3. Observation of antimycotic activities:
1) Antimycotic activity of gentian violet
In an experiment to determine the antimycotic activity of gentian violet, no remarkable difference could be observed between the control group and experimental group, but between each group of candida species there was some significant
difference in the minimum concentration of gentian violet necessary for a growth inhibiting effect. The minimum concentration for growth inhibiting effect in the control groups were as follows; C. albicasn, C. Krusei, C.stellatoidea, C.
tropicalis and C. parakrusei were 1 γ per ml and C. pseudotrioucalis and C.guiliermondii were 5 γper ml. The results of the same experiment in the experimental group are as follow: C. albicans 5 to 10γ per ml, C. parakrusei 1 to 5 γ per ml, C. stellatoidea 1 to 5 γ ml, C. psedudo tropicalis 1 γ per ml. C.
tropicalis 10γ per ml, C. guilliermondii 5γ per ml. and C. krusei 1 to 5γ per Growth inhibition action of gentian violet required a higher concentration of the agent in the experinental than in the control group.
2) Antimycotic activities of Nystatin
Any remarkable difference in antimycotic activity could not be observed between the control and experimental groups in the experiment to determine the effect of nystatin. The minimal concentrations of nystatin necessary for the antimycotic effect was in the range of 1 to 10 unit per ml. in most groups, but C. krusei of the control group showed active growth at a nystatin concentration of 40 unit per ml. In C. krusei of the experinental group, a lower concentration of nystatin was sufficient enough to inhibit growth; i.e. the growth of most C. krusei was impossible at the level of 20 unit per ml. However, some members of C.krusei in the expermental group showed active growth at a concentration of 80 unit per ml.

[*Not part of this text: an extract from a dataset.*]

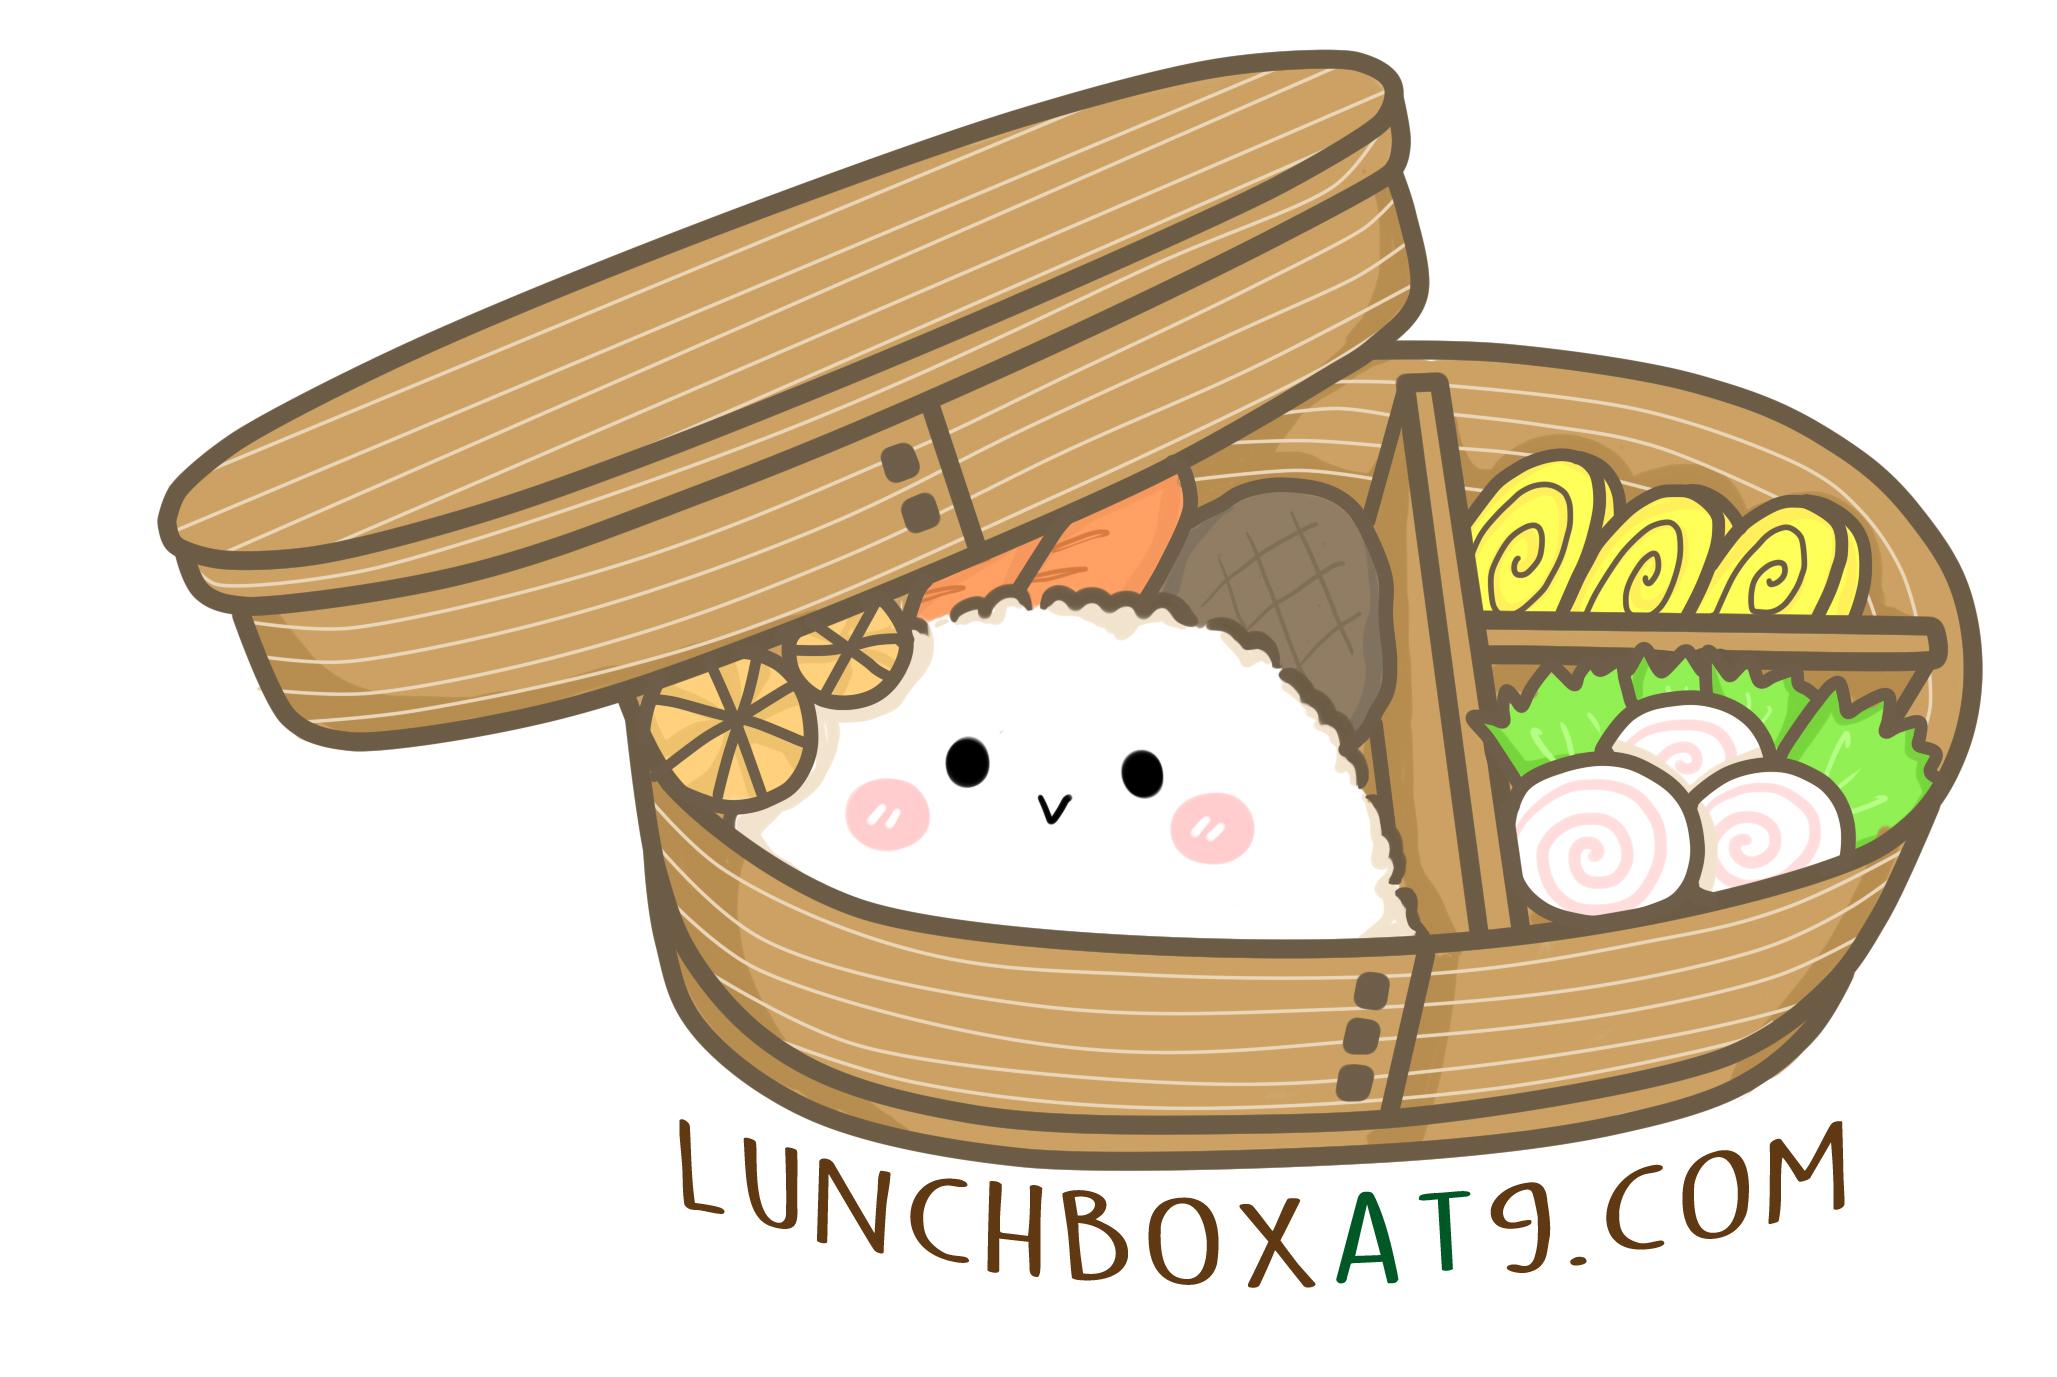 furoshiki,ผาห่อเบนโตะ,ผ้าห่อกล่องข้าว,กล่องข้าว,กล่องข้าวญี่ปุ่น,กล่องข้าวไม้,กล่องข้าวน่ารัก,กล่องข้าวเบนโตะ,ช้อนไม้,ถ้วยไม้,ข้าวกล่อง,ข้าวกล่องไม้,เบนโตะ,กล่องอาหาร,กล่องอาหาร ญี่ปุ่น,Lunchbox,Bento,bento box,กล่องข้าว พร้อมส่ง,เบนโตะ พร้อมส่ง,bentobox พร้อมส่ง

3) Antimycotic activity of penbritin
No remarkable antinycotic activity could be observed with penbritin, since growth of the organism was not inhibited at a concentiation of 1,000γ per ml. both in the control and in the experimental groups.
4) Antimycotic acitivity of trichomycin
As in the other experiments, no difference was noted between the control and the experimental groups and also between the various groups of different strains. Growth inhibiting effect was observable at a concentration of 1 to 5 unit per ml; to inhibit the growth of C. pseudotropicalis 10 unit per ml. was necessary.

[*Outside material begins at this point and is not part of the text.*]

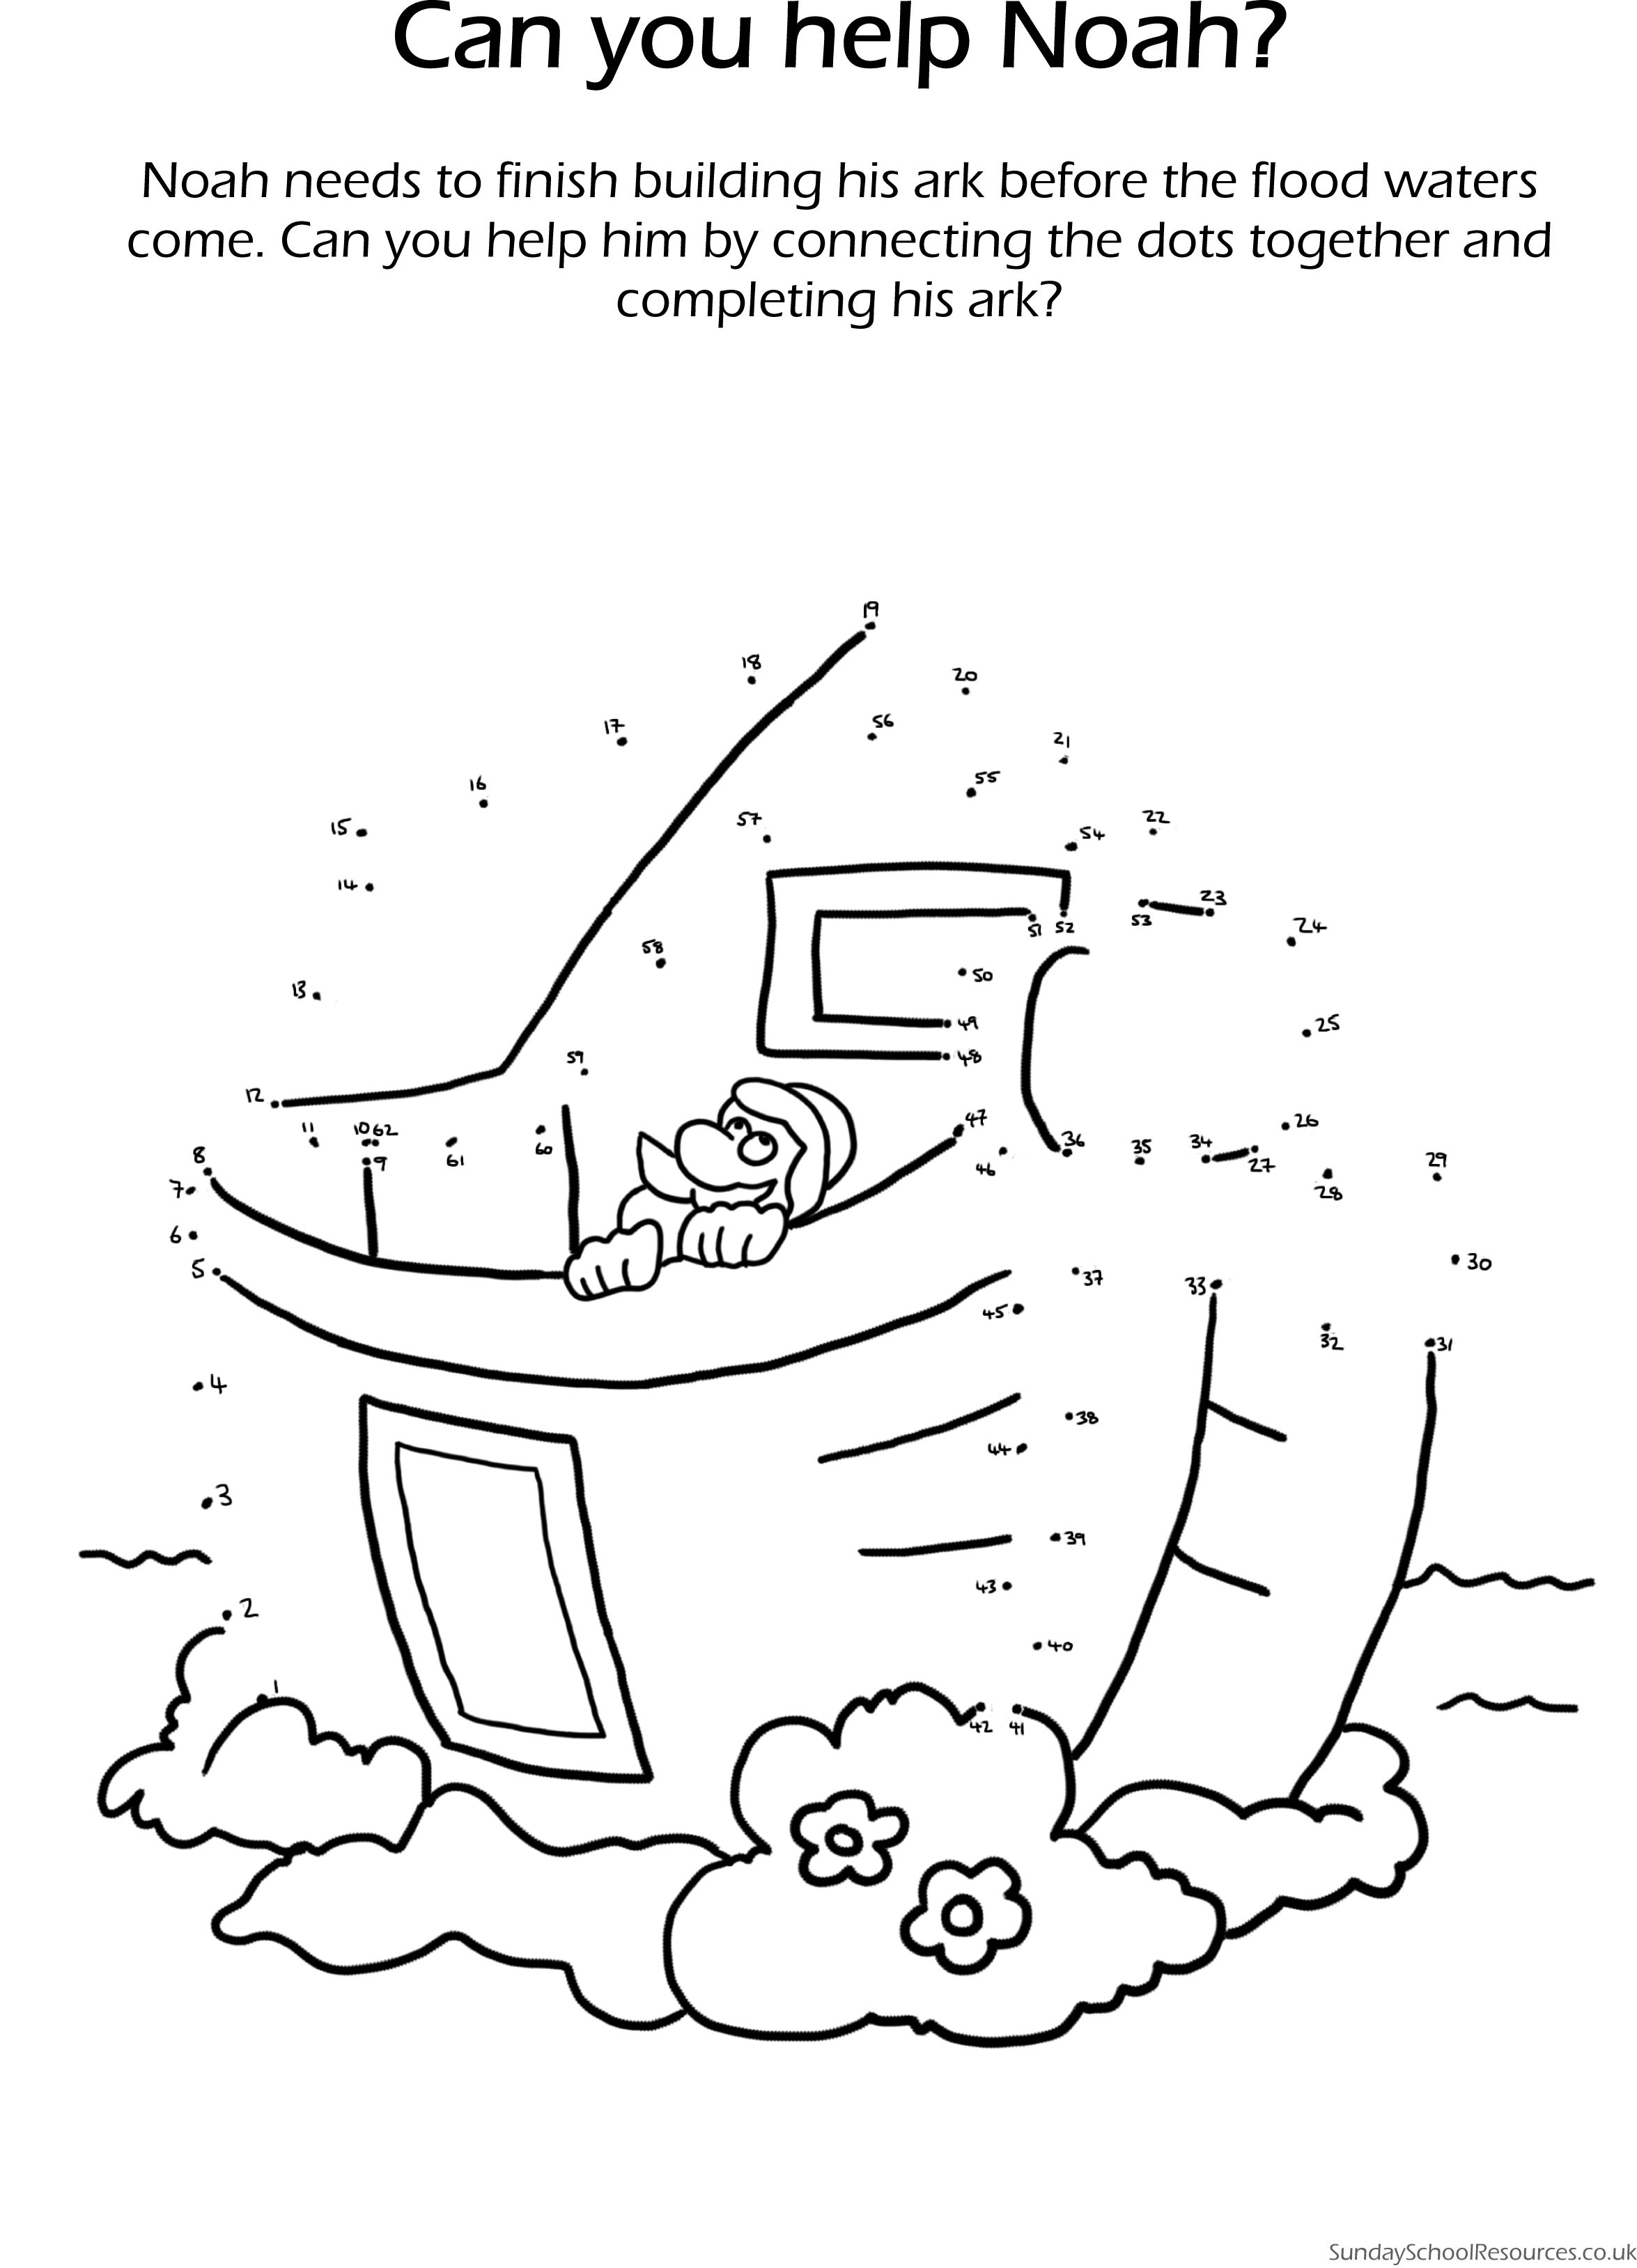 Noah The Ark Dot To Dot Sunday School Worksheet Sunday

Comparing the result of the control group with that of the experinemental groups, a higher concentration (5 to 20 unit per ml) was necessary for growth inhibition in the experimental groups.

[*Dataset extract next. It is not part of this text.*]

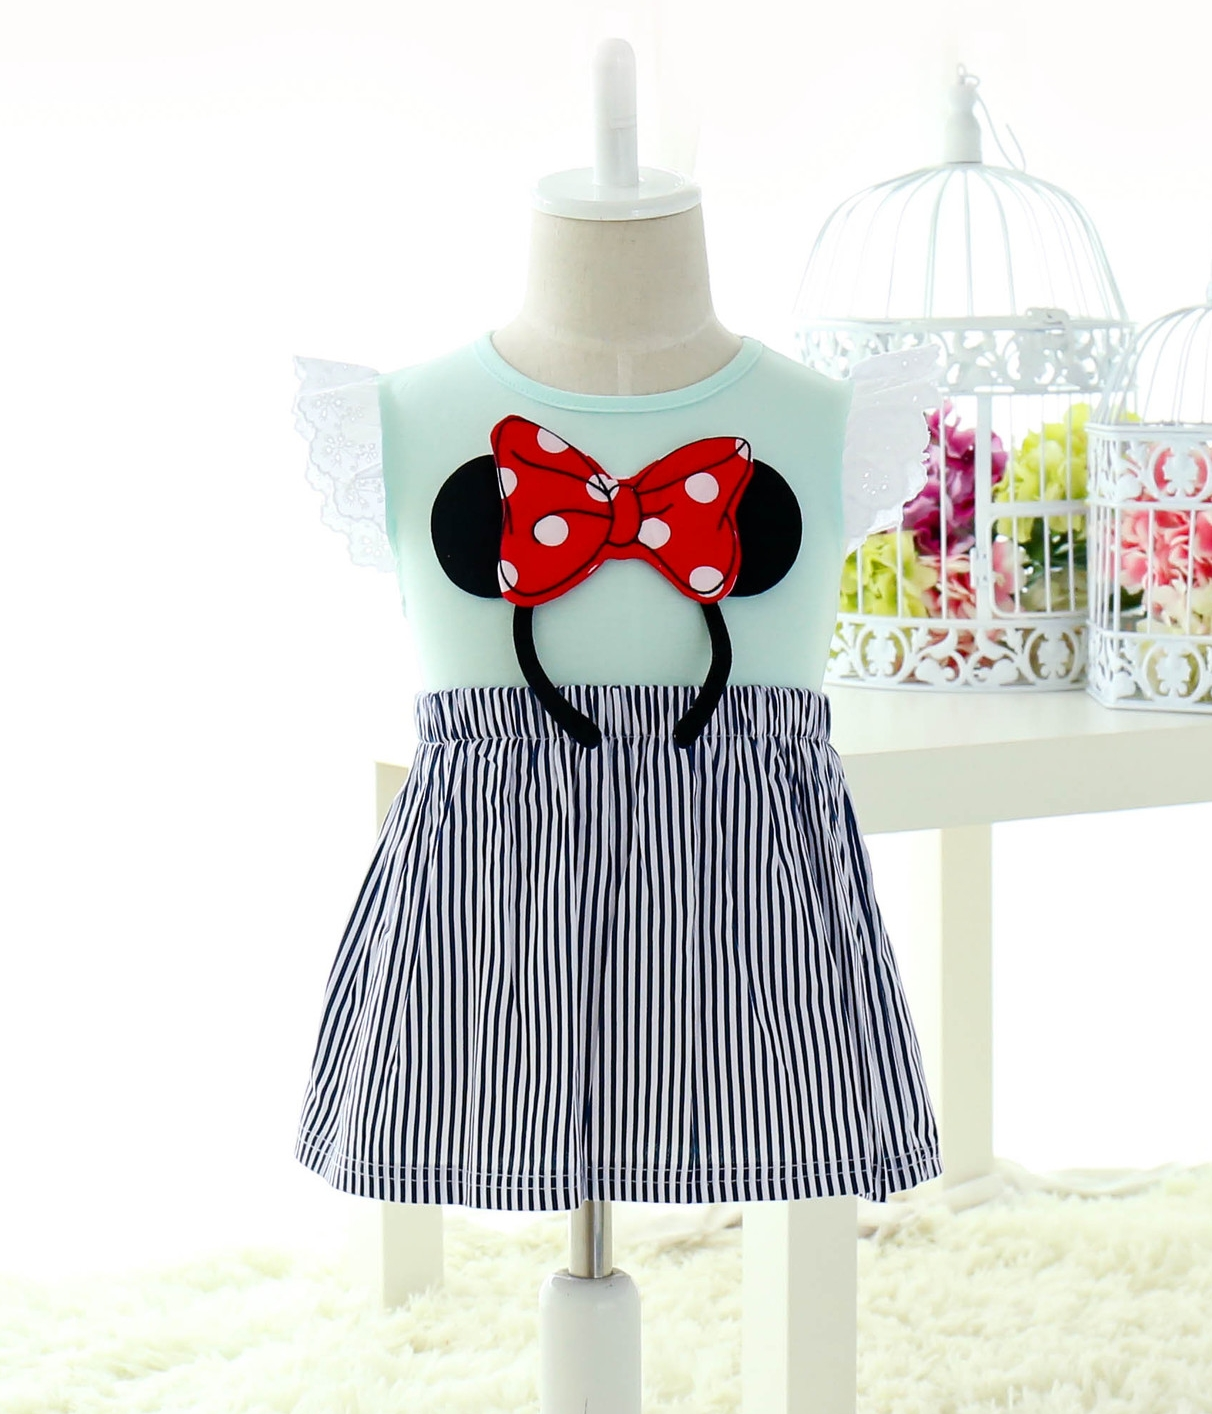 Premium kids dress import kd tosca tamochi

4. The relation between clinical symptoms and condida species isolated:
A study on the clinical significance of candida species revealed the C. albicans and C. krusei group had some relationship with the clinical symptoms.
5. The patterns of resistance:
Progressive resistance was observed in most of the therapeutic agents, except for gentian violet. The concentration of therapeutic agents necessary for the inhibition of growth of the organisms showed a progressive increase for 10 generations. The development of inhibition phenomenon was shown to be relatively
high in the experimental groups. In the control group the result of testing for resistance showed a resistance to all the drugs except gentian violet.
6. Electron microscopic findings:
A definite increase in the cell wall formation in the 3 groups(nystatin, trichomycin and pimaricin treated) was observed through the electron microscopic observation, however, no such effect was observed observations, in the gentian violet group.